What’s more, consumers have had a taste of the power of technology, and they’ve come to expect nothing less from retailers across the board.

Another key issue – thrown into sharp relief during the past 12 months (and counting) of a pandemic – is rising levels of arrears, which are likely to increase bad debt beyond margins that retailers originally allowed for when the market was created.

In such a low-margin industry, there is a limit to the amount of debt retailers can take on, especially as recovering costs can be a very slow process. Ofwat has signalled that this issue could be addressed as early as this year, with a mechanism for recovering bad debt to be established during 2021/22. 

The market needs simple solutions to better serve the end user, and we were perfectly placed to develop those solutions. At Everflow, our software is designed for the water retail market, by the water retail market.

As well as simple billing, clear-to-understand workflows, and a revenue assurance system to allow retailers to quickly compare market charges, Everflow has also introduced a complete debt solution, allowing missed payment dates to drive late payment charges and escalations automatically.

Retailers are able to design and put out their own bill and quotes, tailoring customer journey and overall experience – whatever the circumstances.

What does the future hold?

Automation is key to any industry; we’re heading into an age of driverless cars and smart homes, and this drive for tech will filter through to our industry, and we need to catch up. 

The Internet of Things – a network of physical objects connected to each other – means human error (and effort) can effectively be removed from many everyday tasks, which goes for meter readings too. However, in the 21st century, the water market is still not leveraging previously emerged technology in the form of smart meters to provide accurate billing. 

Consumers are also becoming more empowered, both to ask for information and change their preferences if they don’t like what they learn. Retailers need to be armed with this information, not next week, not tomorrow, but now – and, at Everflow Tech, we’re putting that information at their fingertips.

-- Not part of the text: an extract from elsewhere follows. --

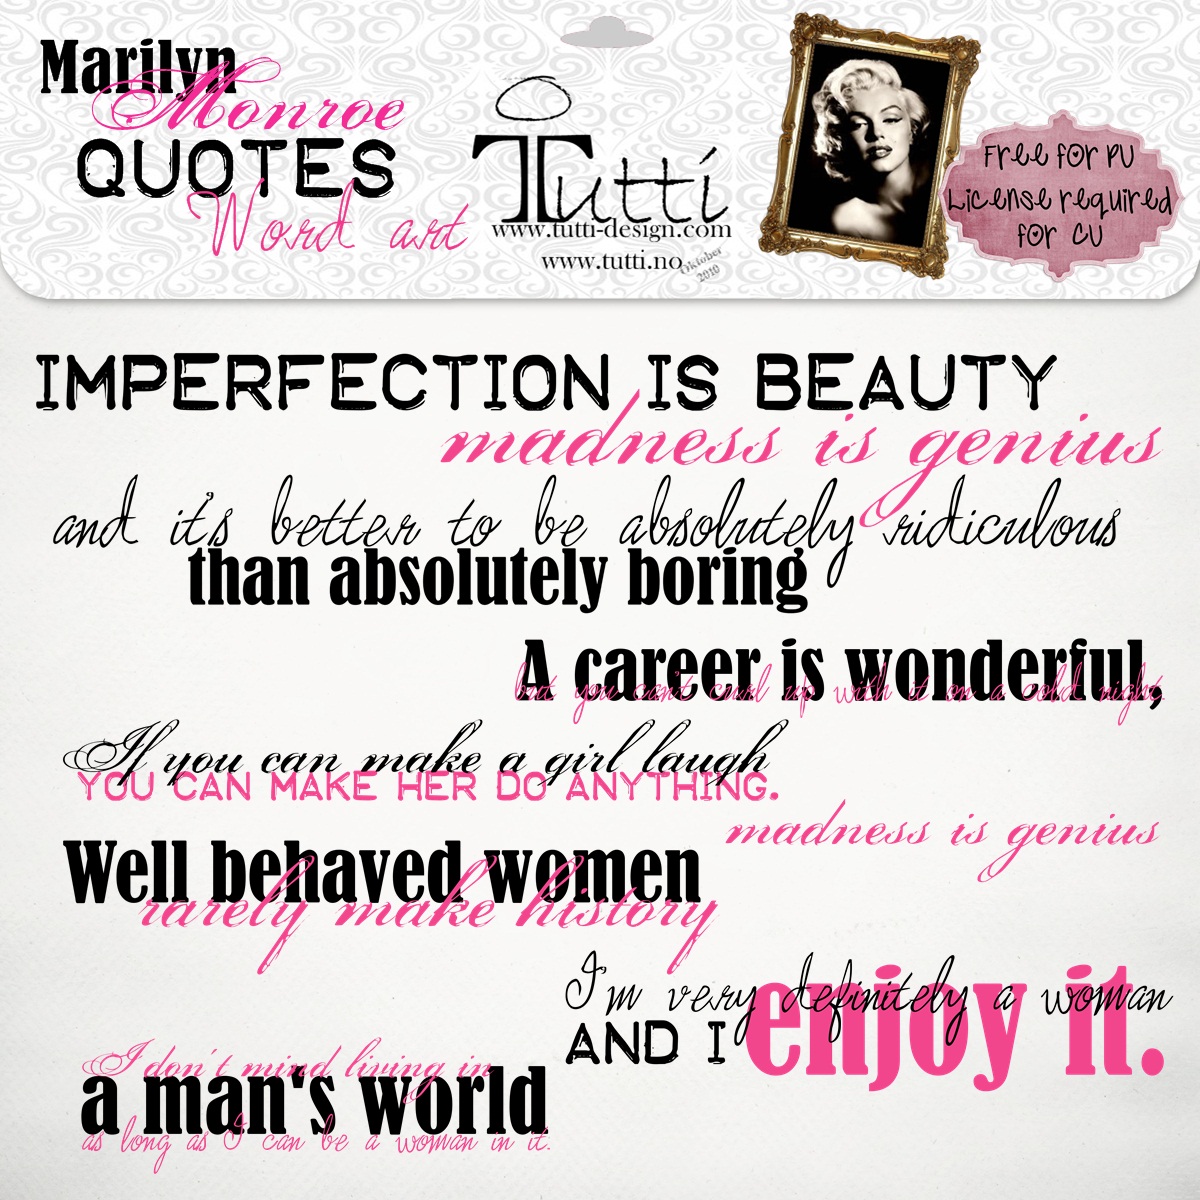 http://2.bp.blogspot.com/_PGPWKMtfat0/TTZGmrO7oKI/AAAAAAAABJA/75CDqMSD4CM/s1600/Marilyn_Monroe_quotes_word_art.jpg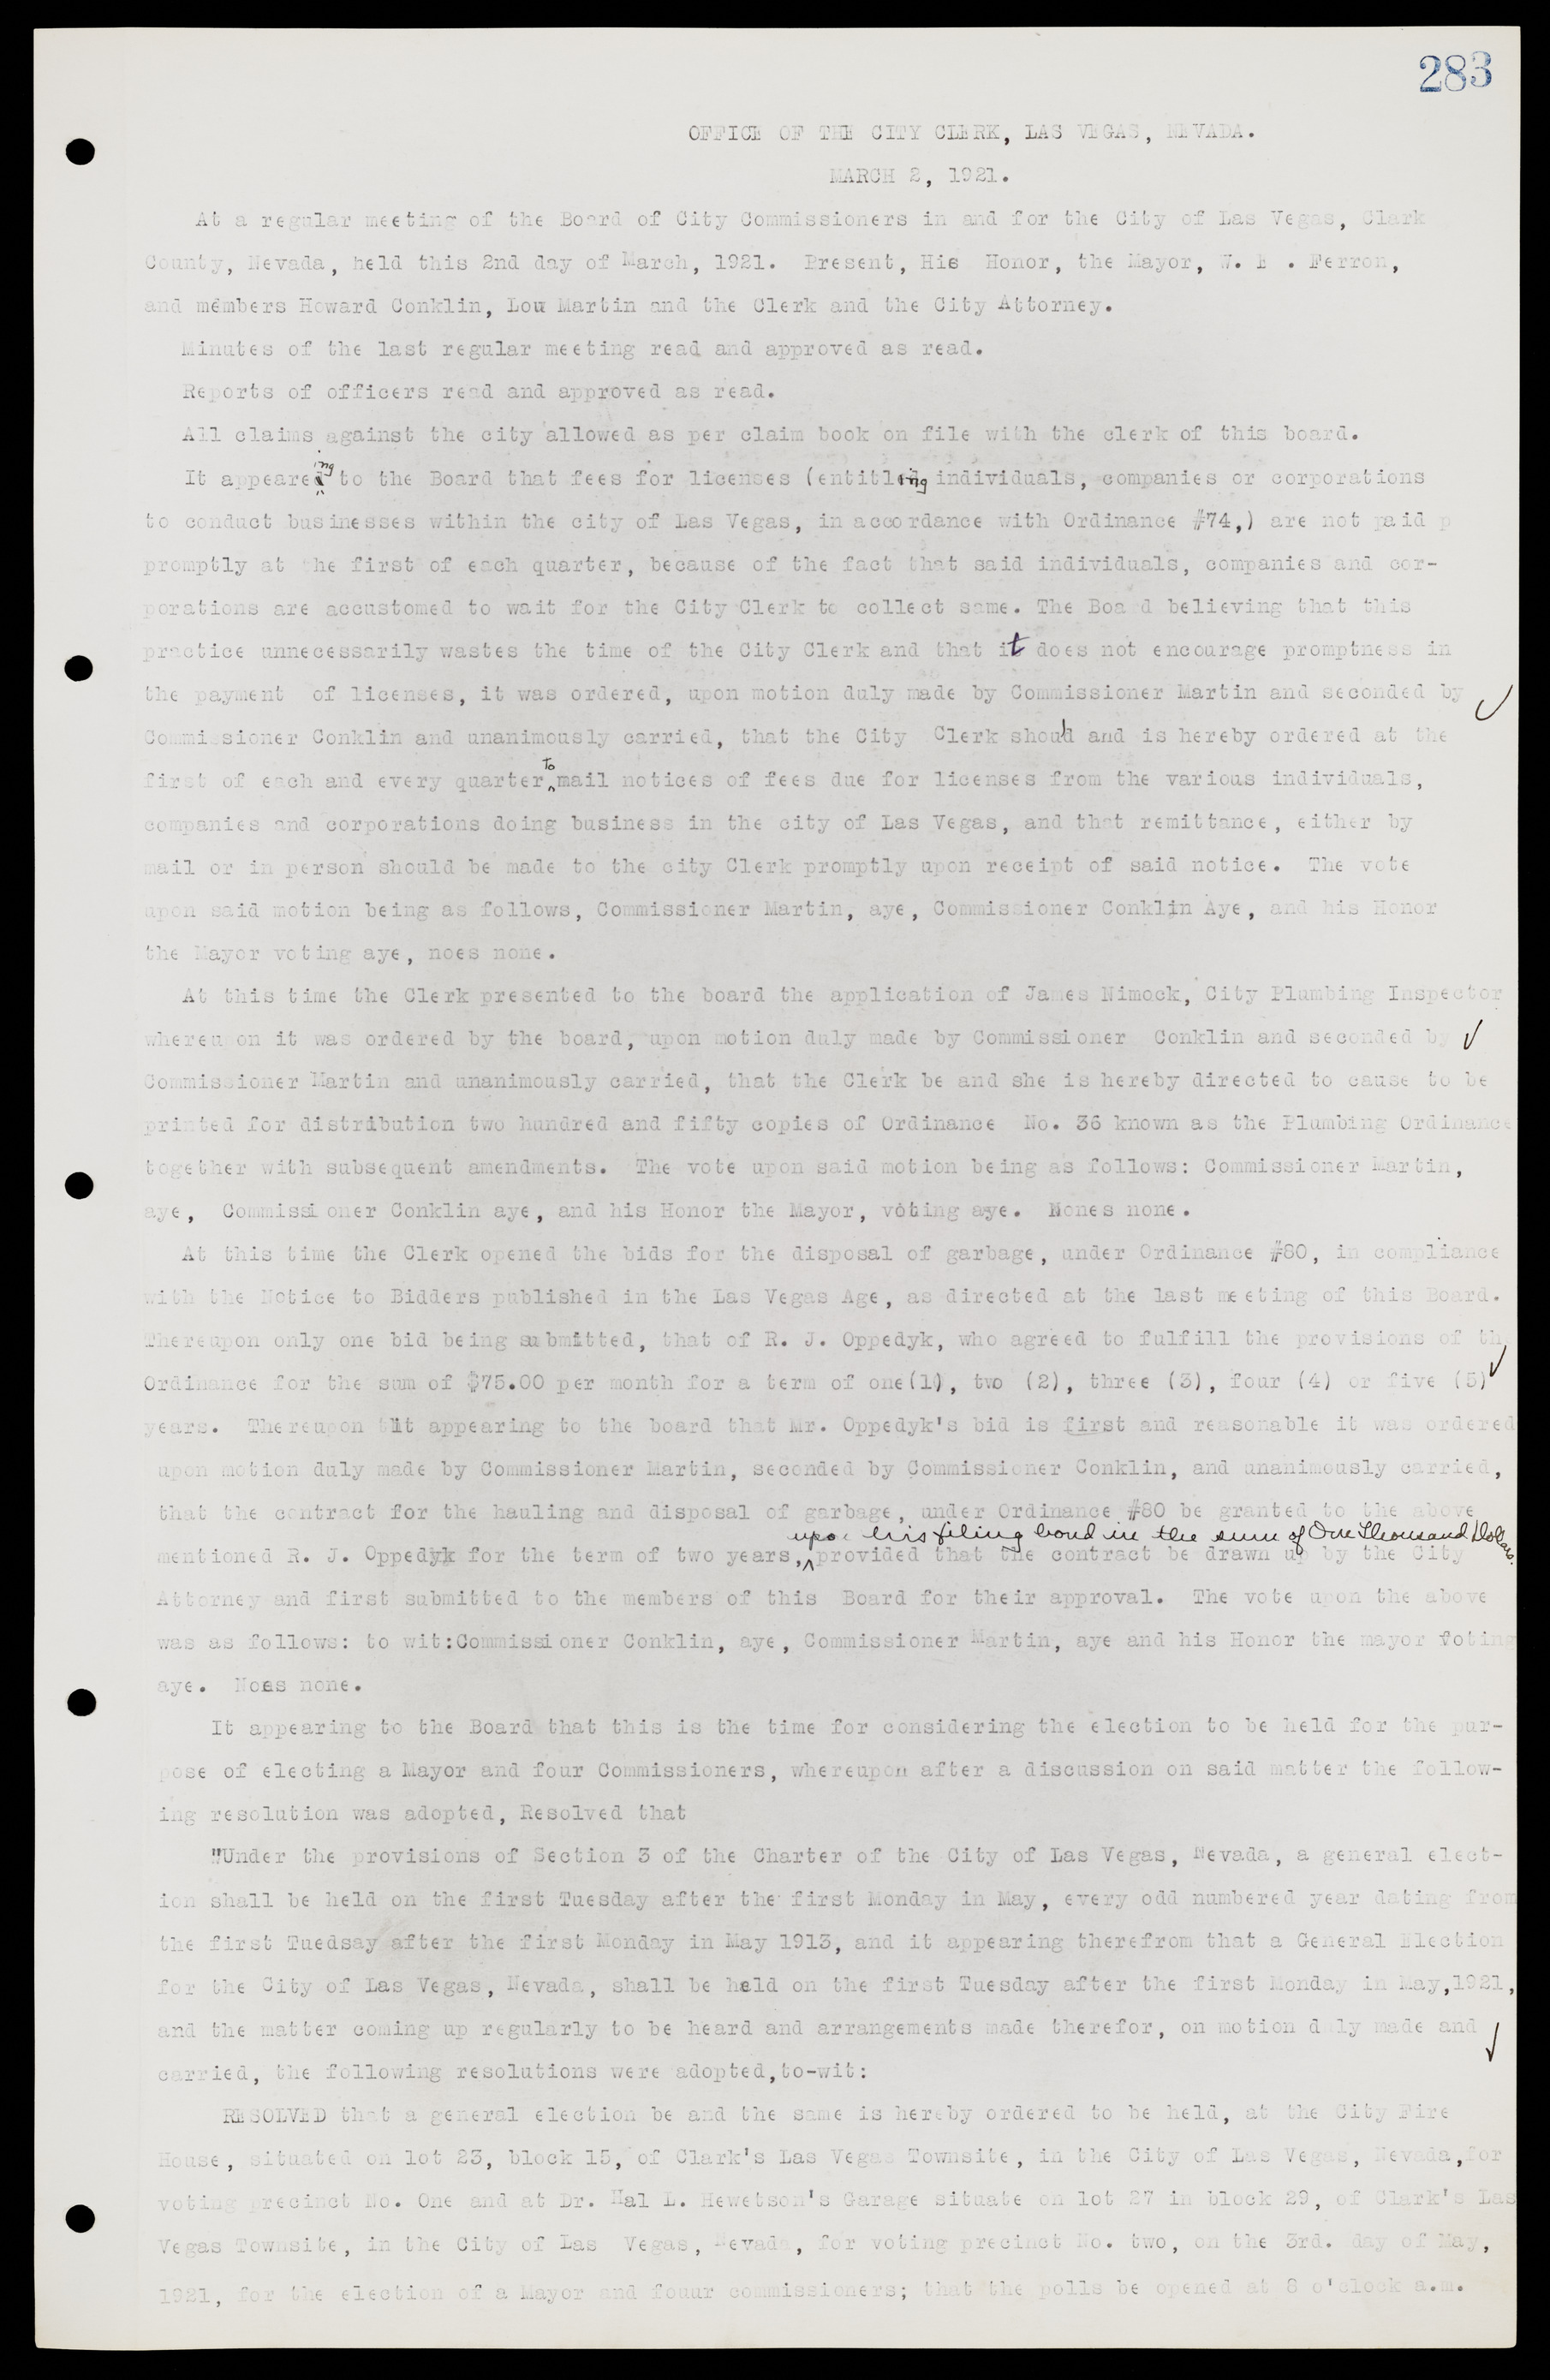 Las Vegas City Commission Minutes, June 22, 1911 to February 7, 1922, lvc000001-299

But the retailers themselves need to speak up too, and we will always work with them to get the best ideas on what needs to be developed and when.

Our strong bond with Everflow Water, along with other key customers, means we have a direct interest in making sure our systems serve the water market in the best way they can. 

For us, the goal is to make sure retailers on our platform can grow as much as possible, leaving behind laborious daily processes to focus on their own strategic growth and, most importantly, helping their customers.